▸ **TASK**: Could you please output all of the data exactly, without the images?

▸ **DATA SHOWN**:
[Start of Attachment]

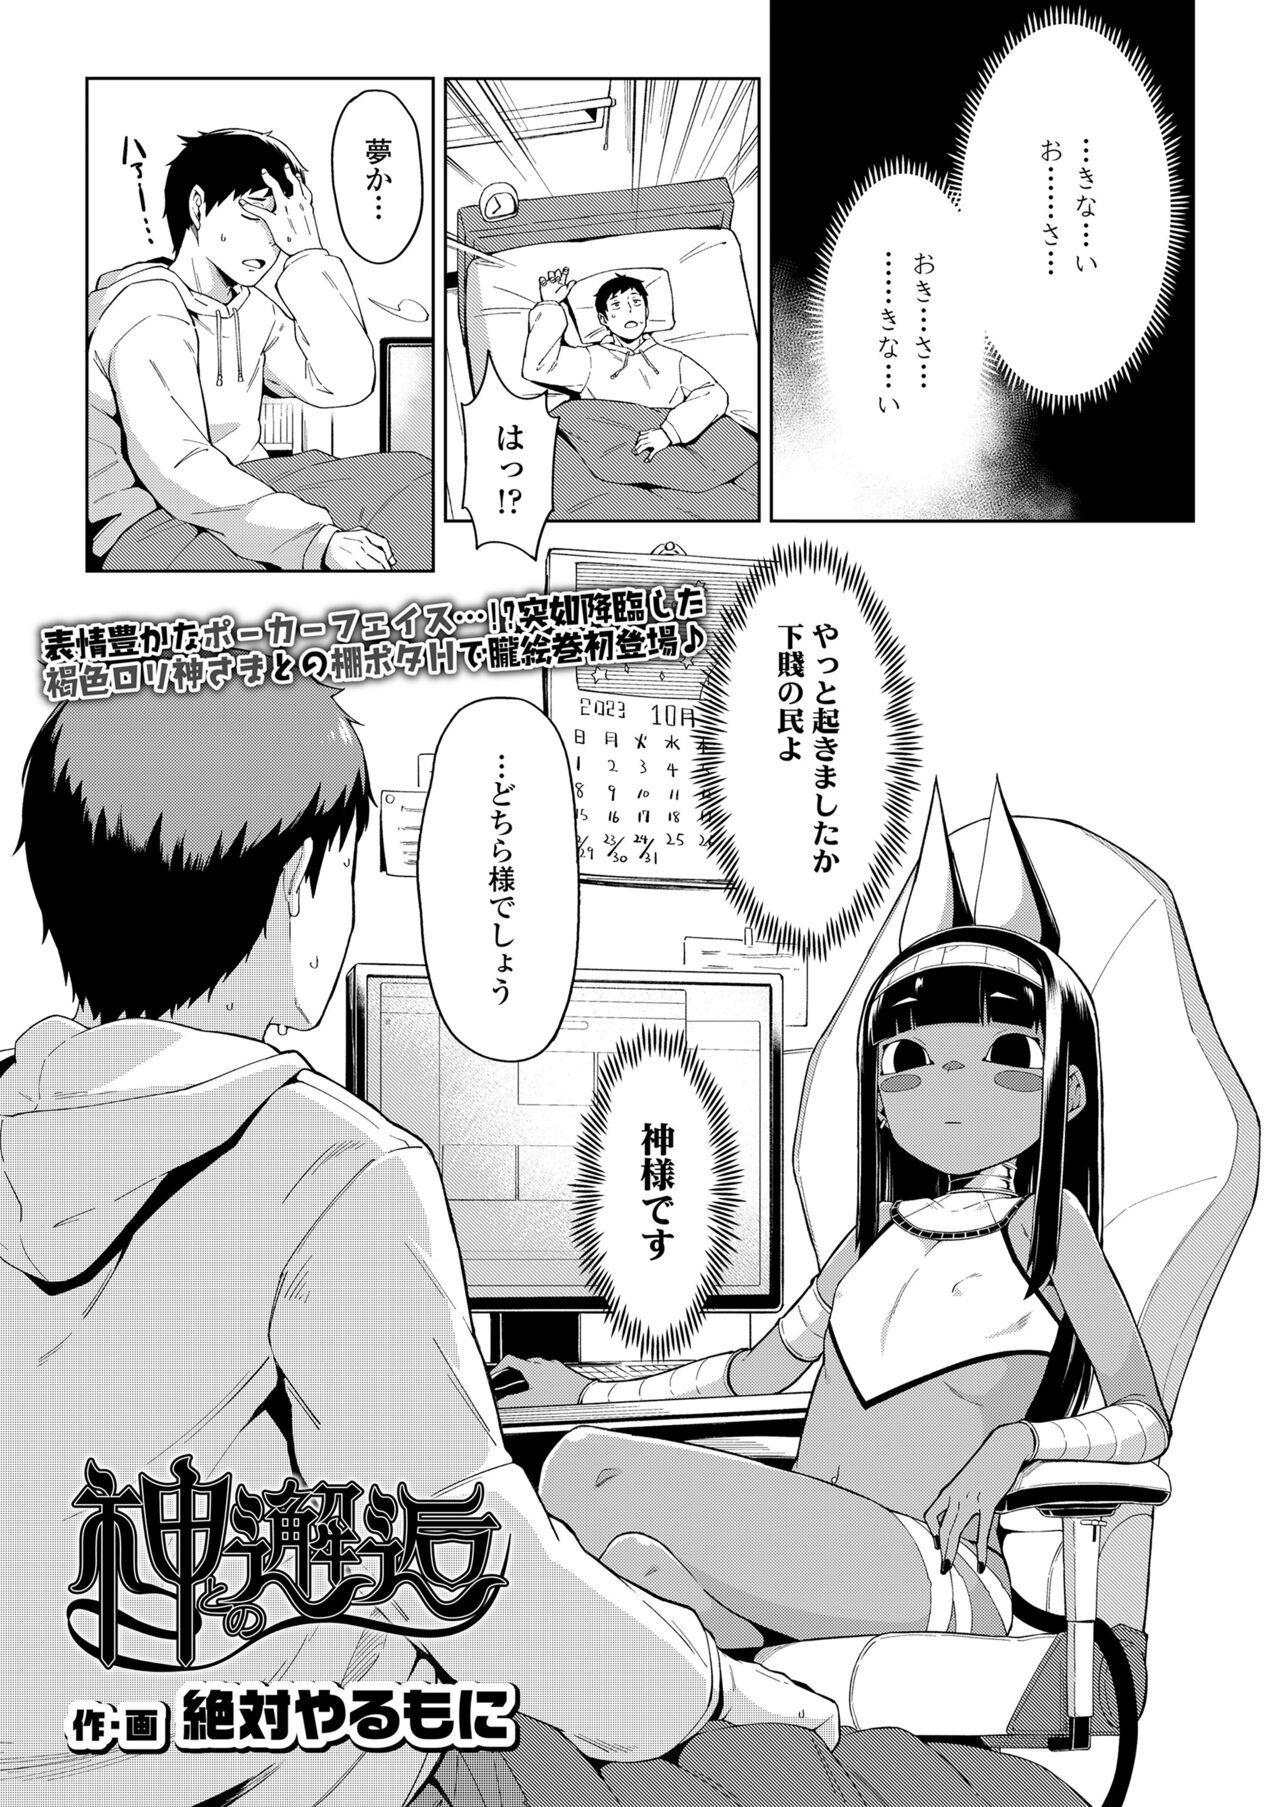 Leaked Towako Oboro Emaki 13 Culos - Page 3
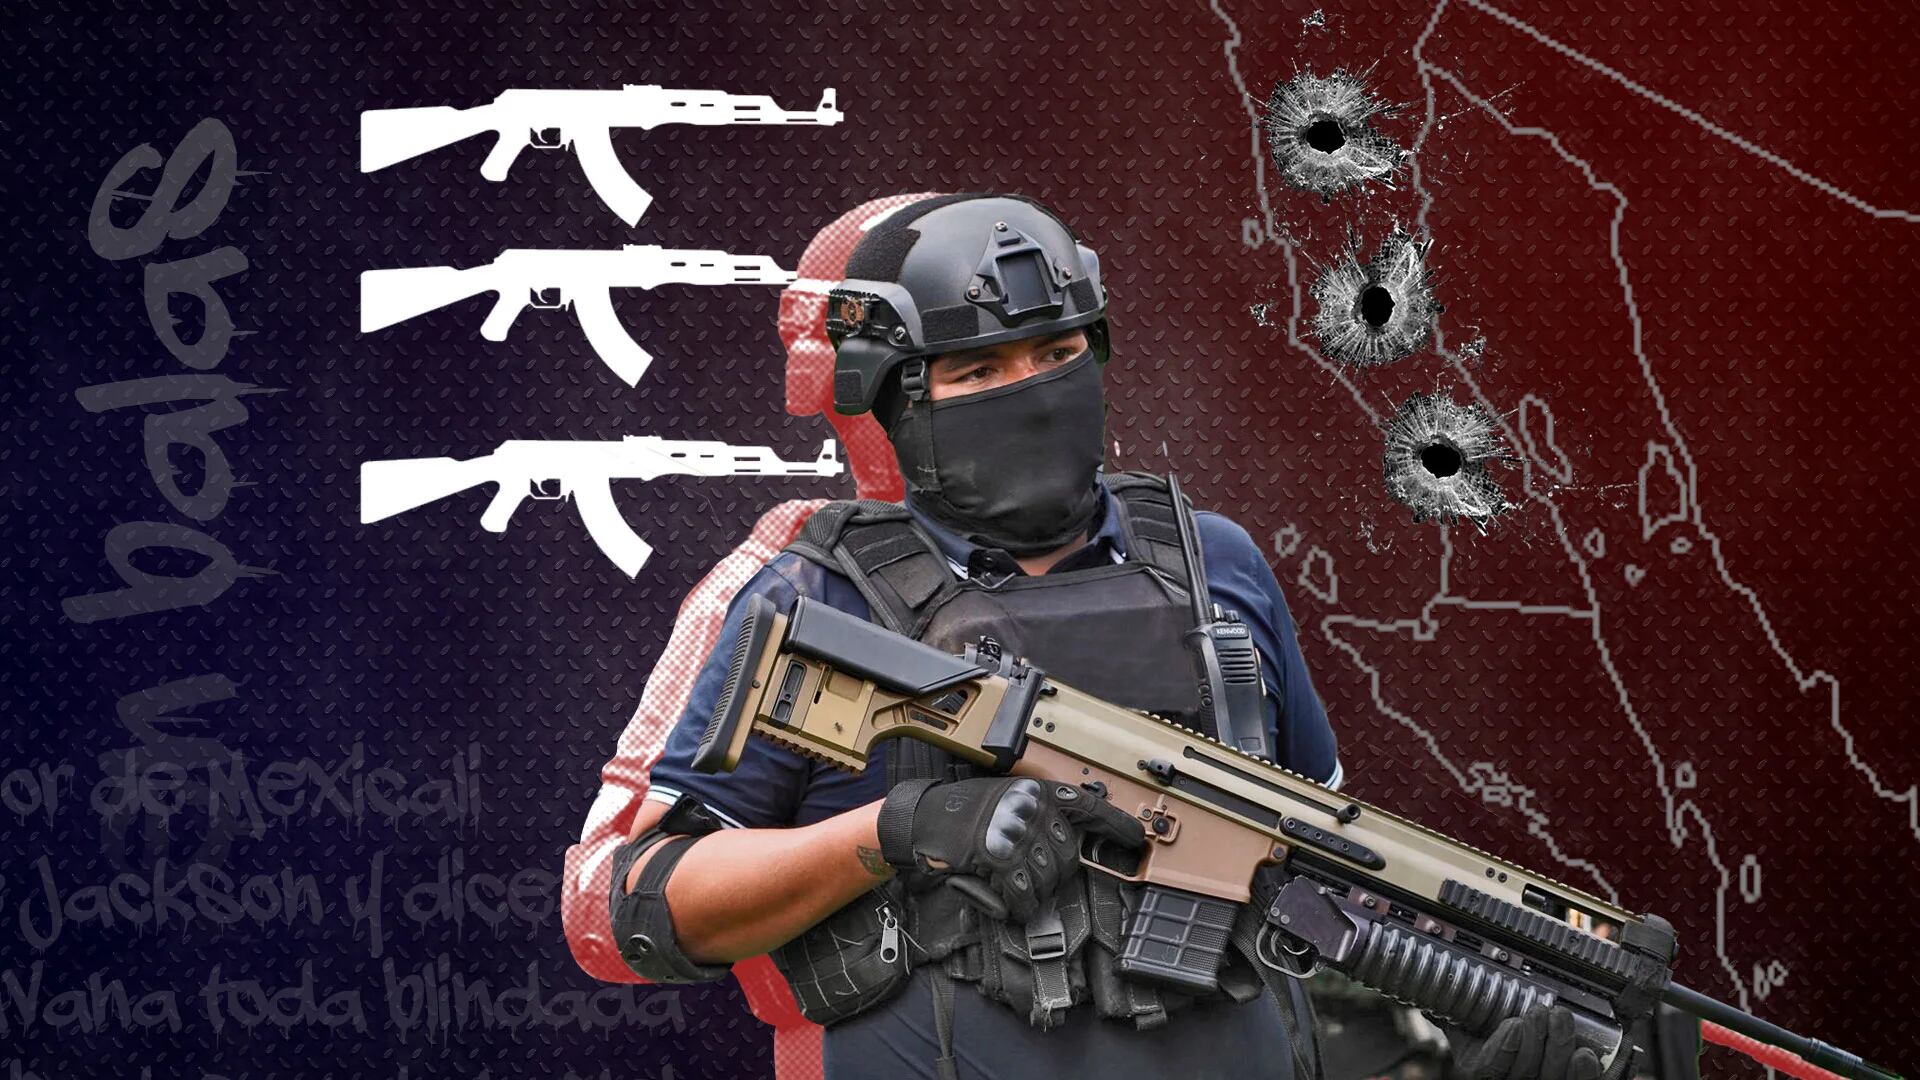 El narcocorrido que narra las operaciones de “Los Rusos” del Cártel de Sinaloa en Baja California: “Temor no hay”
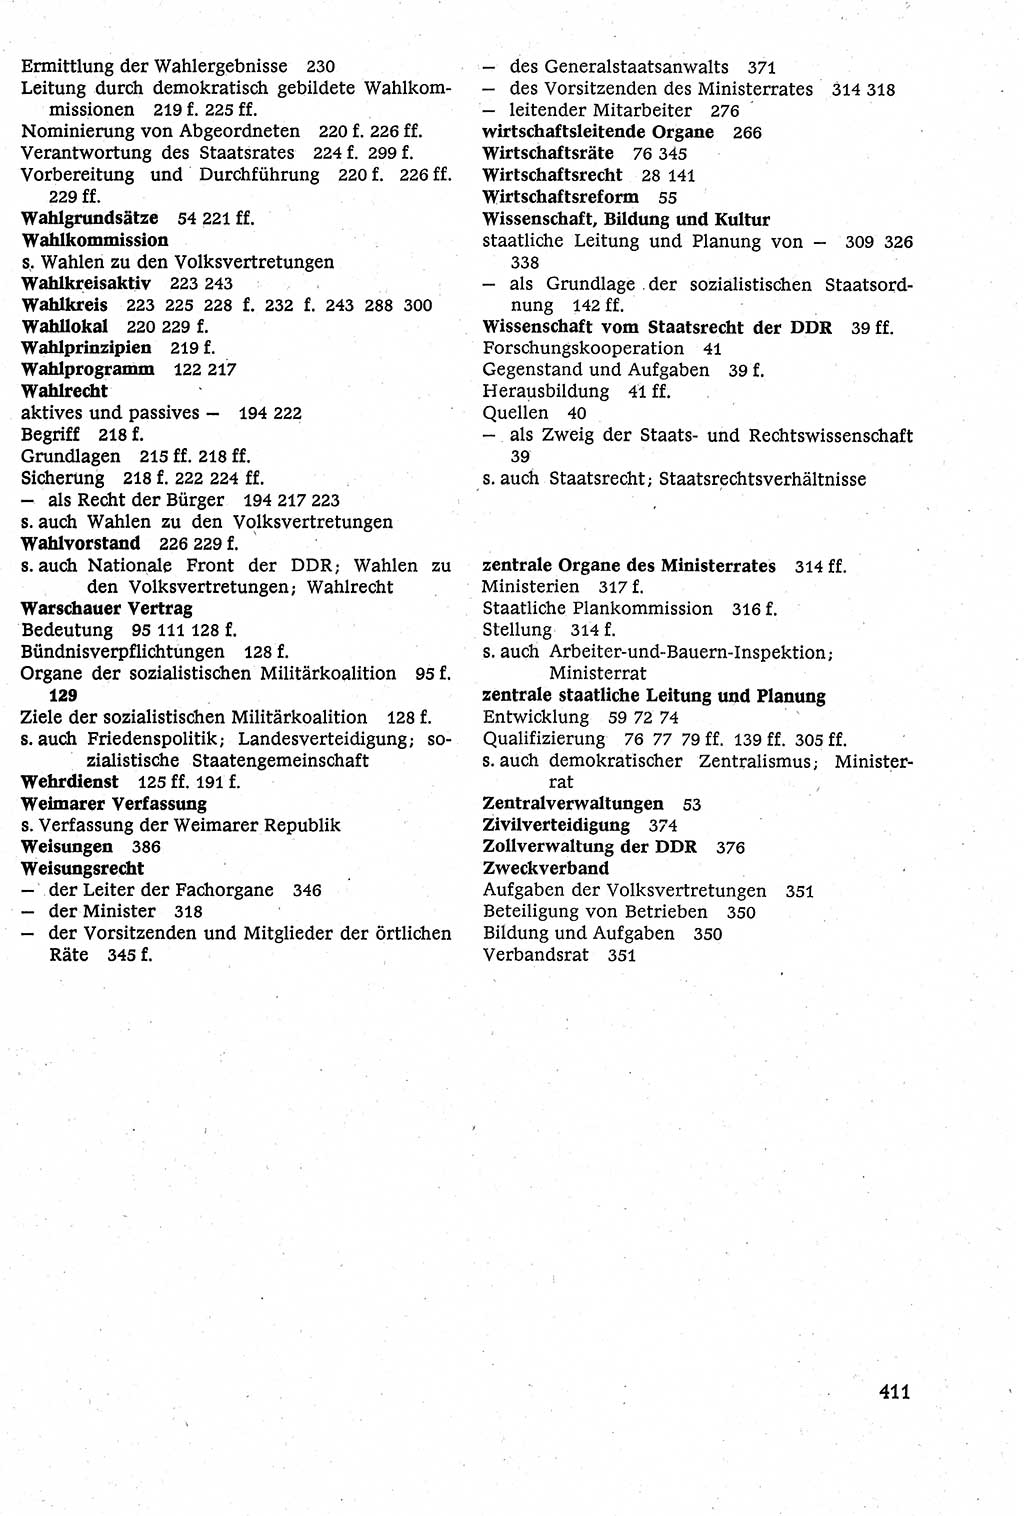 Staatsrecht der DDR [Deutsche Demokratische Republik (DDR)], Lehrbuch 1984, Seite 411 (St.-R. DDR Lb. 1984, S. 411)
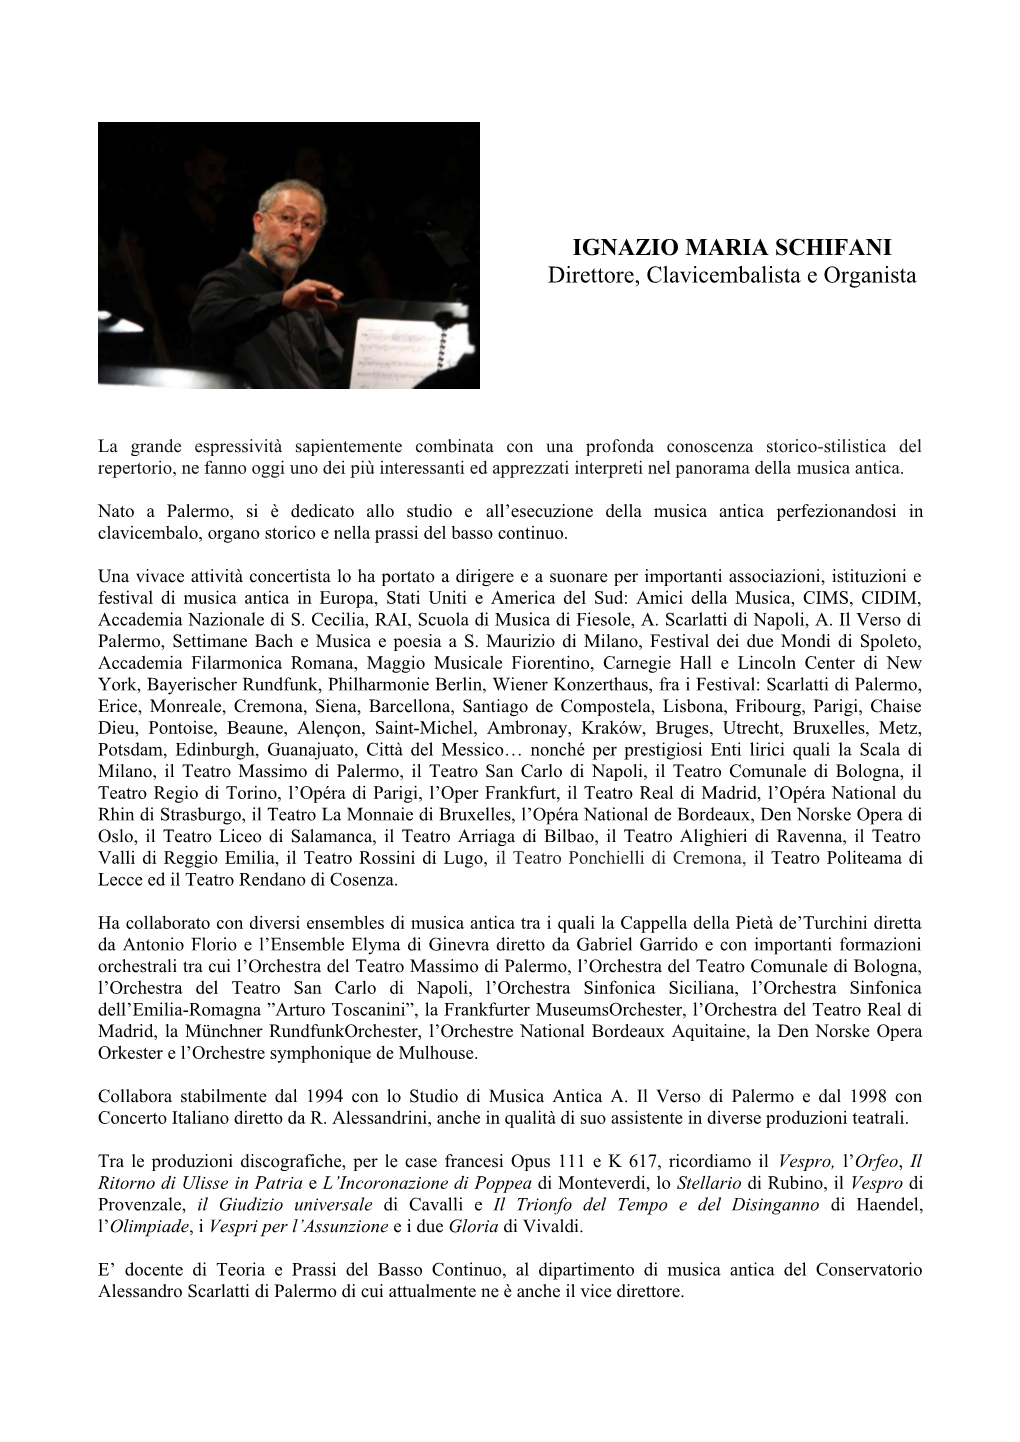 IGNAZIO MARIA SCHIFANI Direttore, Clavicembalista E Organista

[End of Attachment]

▸ **SOLUTION BELOW**:
 Leaked Towako Oboro Emaki 13 Culos - Page 3
 El narcocorrido que narra las operaciones de “Los Rusos” del Cártel de Sinaloa en Baja California: “Temor no hay”
 Staatsrecht der DDR [Deutsche Demokratische Republik (DDR)], Lehrbuch 1984, Seite 411 (St.-R. DDR Lb. 1984, S. 411)
 IGNAZIO MARIA SCHIFANI Direttore, Clavicembalista E Organista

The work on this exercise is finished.